Wang Tony S L, Christie Nicole, Howe Piers D L, Little Daniel R
Cognitive, Linguistics and Psychological Sciences, Brown University, Providence RI, USA.
School of Psychological Sciences, The University of Melbourne, Melbourne VIC, Australia.
Front Psychol. 2016 Nov 11;7:1743. doi: 10.3389/fpsyg.2016.01743. eCollection 2016.
In daily life, we make decisions that are associated with probabilistic outcomes (e.g., the chance of rain today). People search for and utilize information that validly predicts an outcome (i.e., we look for dark clouds to indicate the possibility of rain). In the current study ( = 107), we present a two-stage learning task that examines how participants learn and utilize predictive information within a probabilistic learning environment. In the first stage, participants select one of three cues that gives predictive information about the outcome of the second stage. Participants then use this information to predict the outcome in stage two, for which they receive feedback. Critically, only one of the three cues in stage one gives valid predictive information about the outcome in stage two. Participants must differentiate the valid from non-valid cues and select this cue on subsequent trials in order to inform their prediction of the outcome in stage two. The validity of this predictive information, however, is reinforced with varying levels of probabilistic feedback (i.e., 75, 85, 95, 100%). A second manipulation involved changing the consistency of the predictive information in stage one and the outcome in stage two. The results show that participants, with higher levels of probabilistic feedback, learned to utilize the valid cue. In inconsistent task conditions, however, participants were significantly less successful in utilizing higher validity cues. We interpret this result as implying that learning in probabilistic categorization is based on developing a representation of the task that allows for goal-directed action.

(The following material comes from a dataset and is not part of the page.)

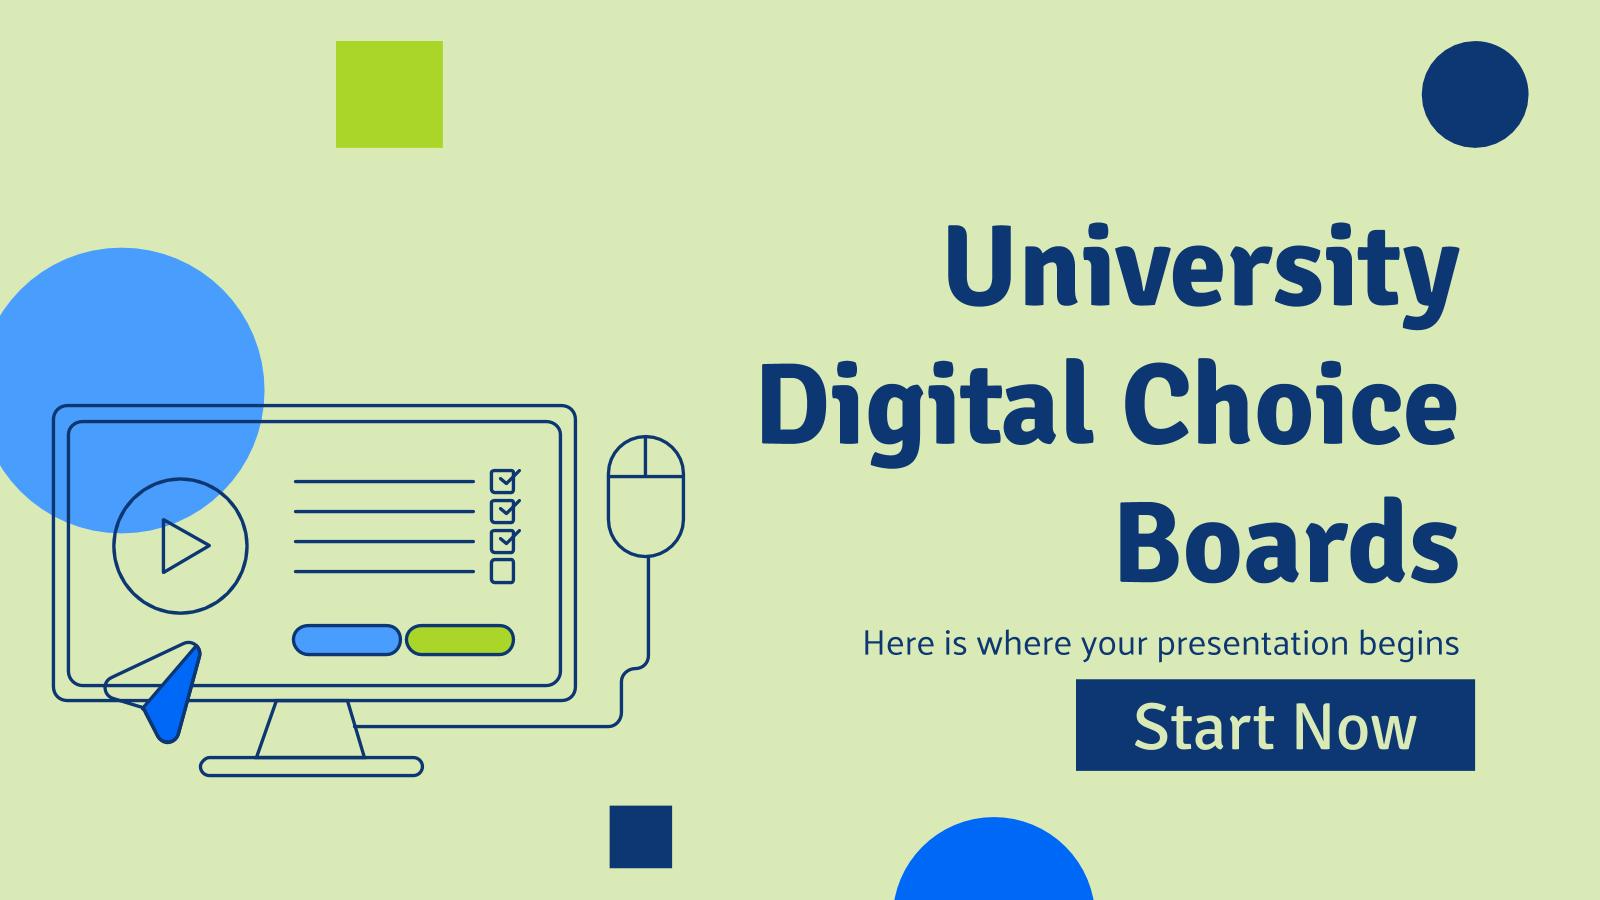 University Digital Choice Boards presentation template

在日常生活中,我们会做出与概率性结果相关的决策(例如,今天下雨的可能性)。人们会寻找并利用能有效预测结果的信息(即,我们会寻找乌云来表明下雨的可能性)。在当前研究((n = 107))中,我们呈现了一个两阶段学习任务,该任务考察参与者如何在概率性学习环境中学习和利用预测性信息。在第一阶段,参与者从三个线索中选择一个,该线索会给出关于第二阶段结果的预测性信息。然后,参与者利用此信息预测第二阶段的结果,并为此获得反馈。关键的是,第一阶段的三个线索中只有一个能给出关于第二阶段结果的有效预测性信息。参与者必须区分有效线索和无效线索,并在后续试验中选择该有效线索,以便为他们对第二阶段结果的预测提供依据。然而,这种预测性信息的有效性会通过不同水平的概率性反馈(即75%、85%、95%、100%)得到强化。第二个操作涉及改变第一阶段预测性信息与第二阶段结果之间的一致性。结果表明,概率性反馈水平较高时,参与者学会了利用有效线索。然而,在不一致的任务条件下,参与者在利用更高有效性线索方面明显不太成功。我们将这一结果解释为意味着概率性分类中的学习是基于构建一个允许目标导向行动的任务表征。